The answer is an exact copy of the lines from the one with "Bride and groom" to the end of the listing below, pictures left out.

Provided data: Begin

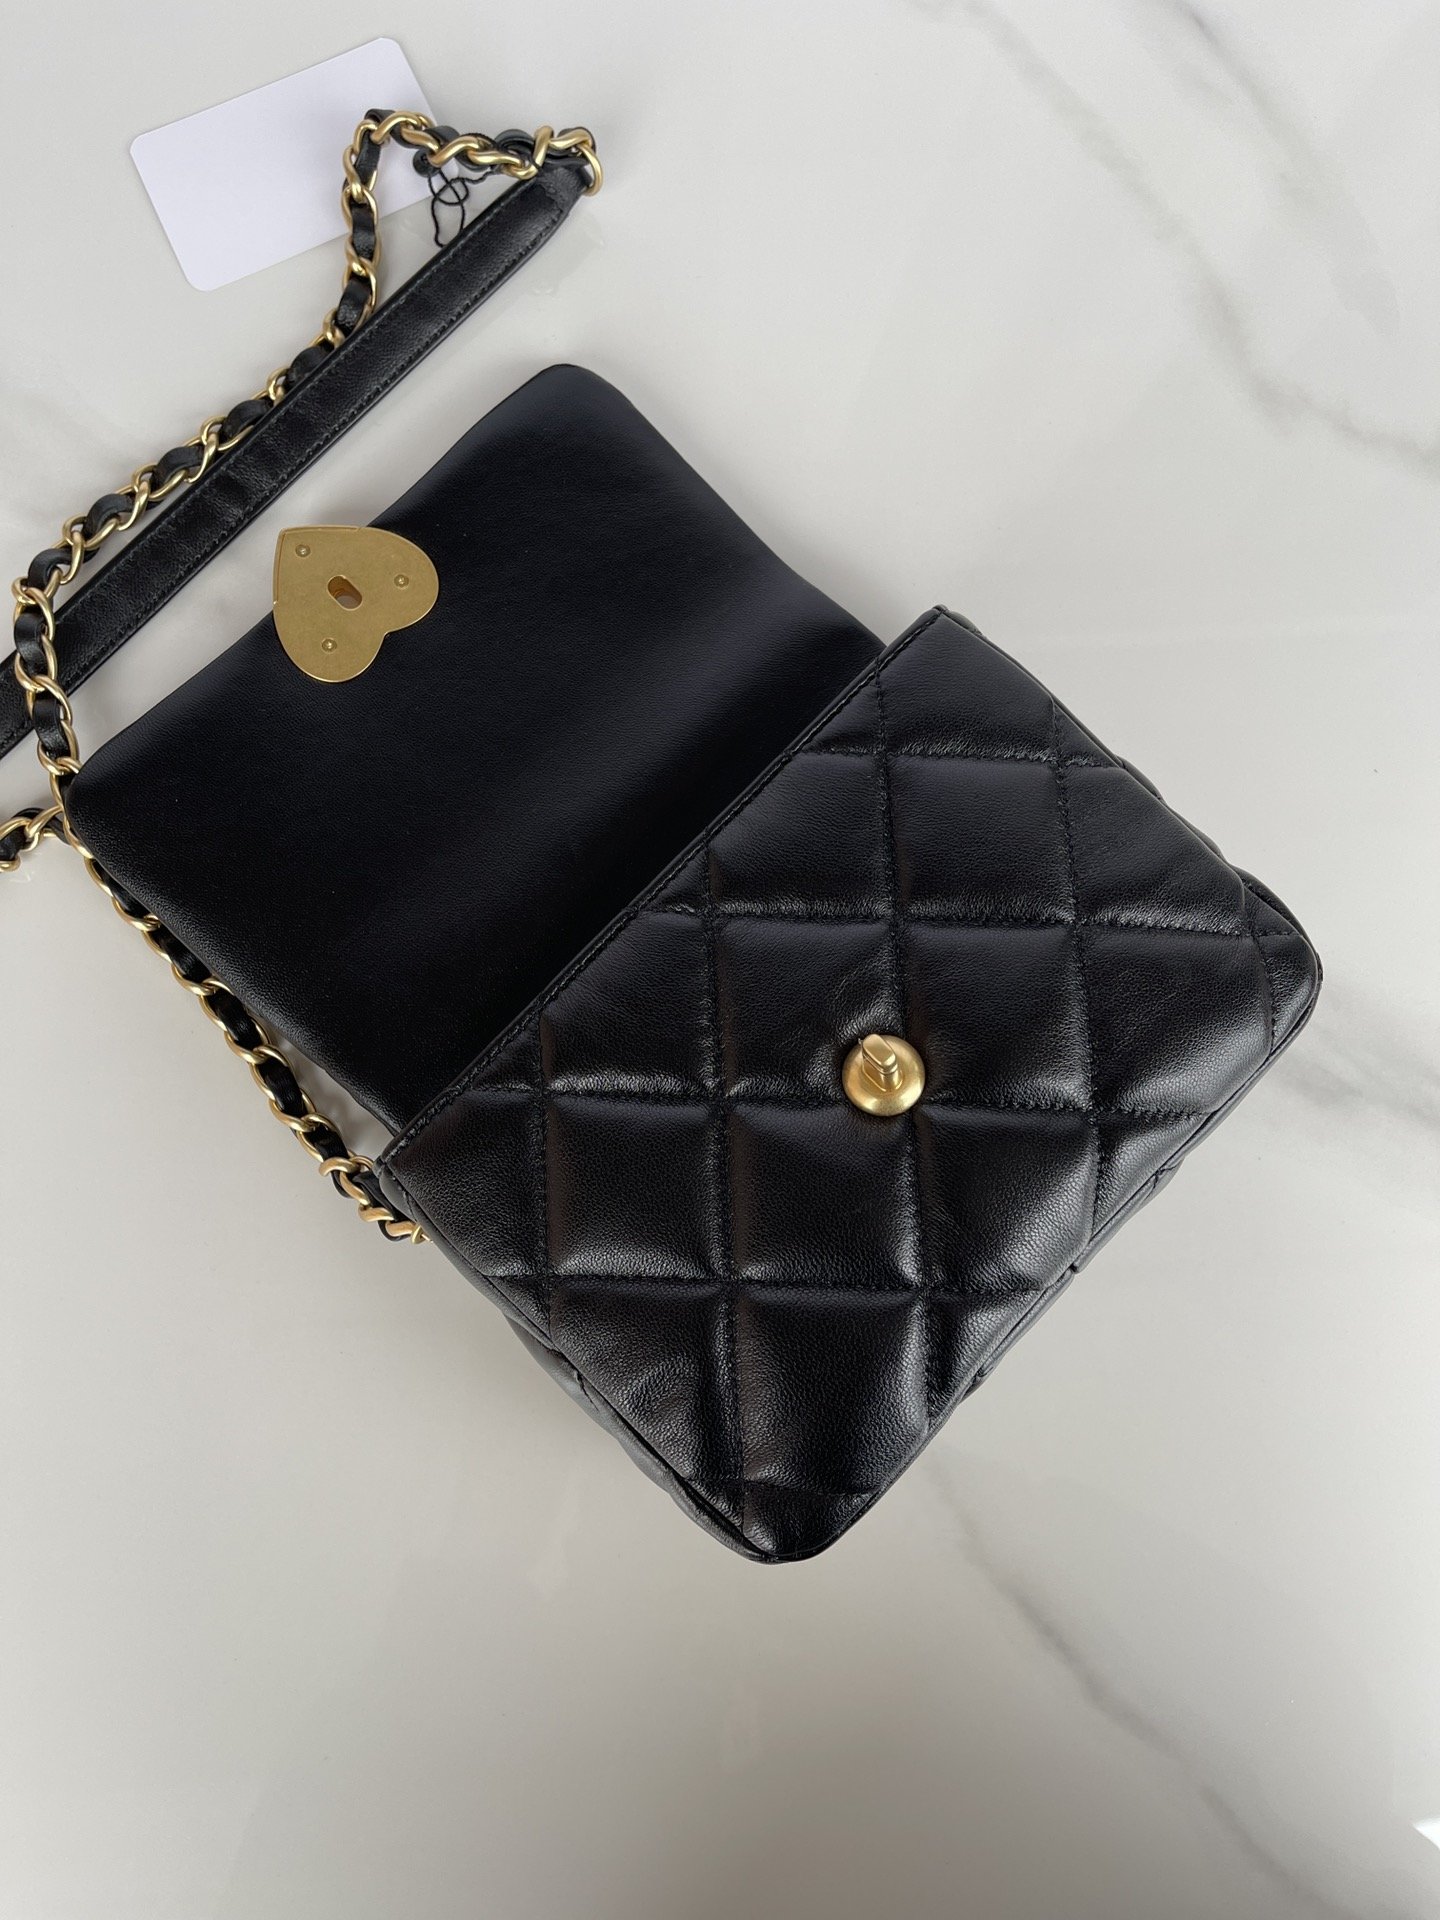 A bag Mini Flap Bag AS3979 18 cm, black фото 6
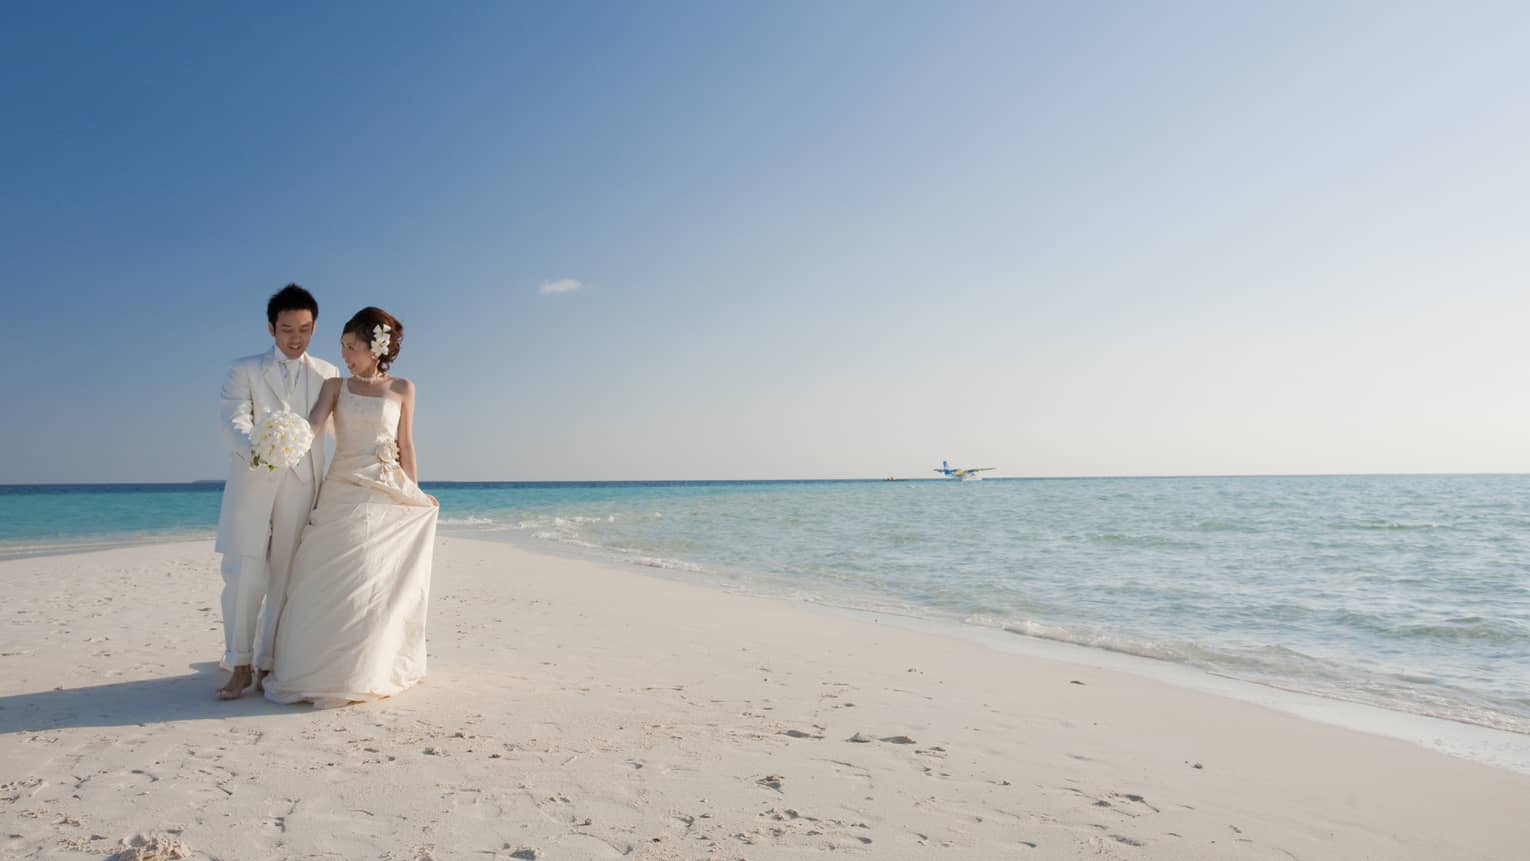 Bride and groom wearing white walk along sandbar by ocean
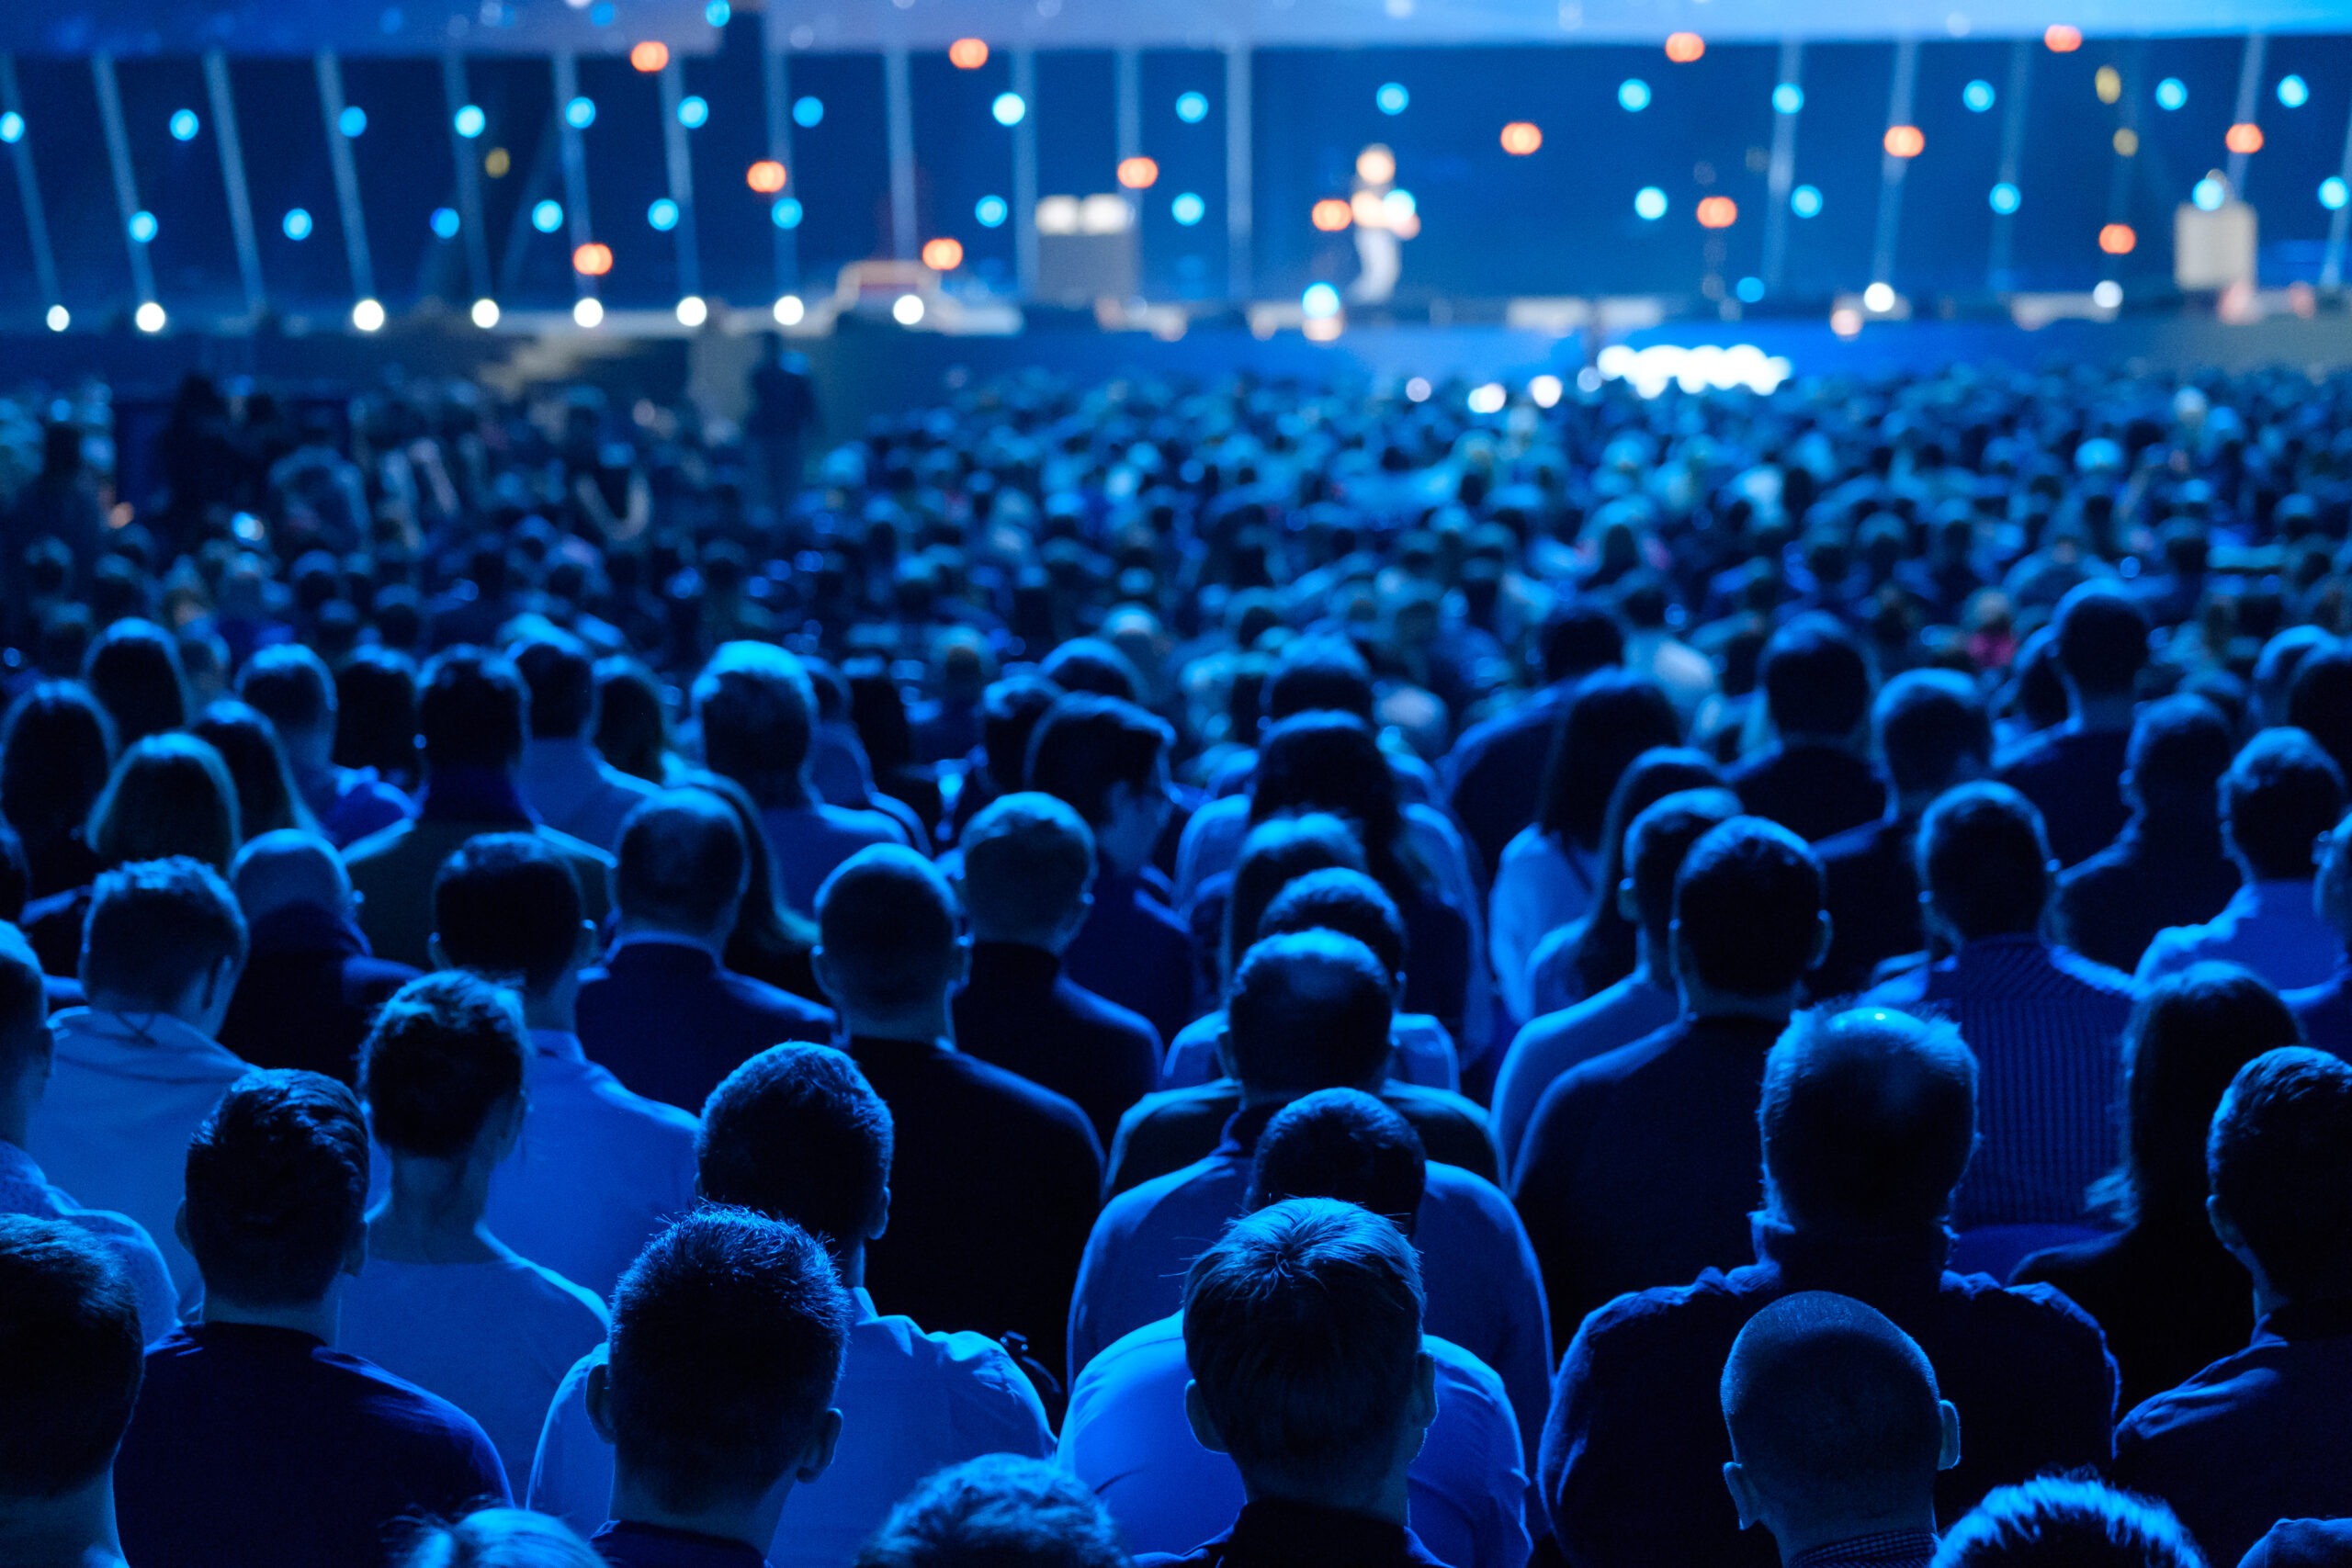 Image of crowd under blue light

Provided data: End

Expected output ▸
 Bride and groom wearing white walk along sandbar by ocean
 Image of crowd under blue light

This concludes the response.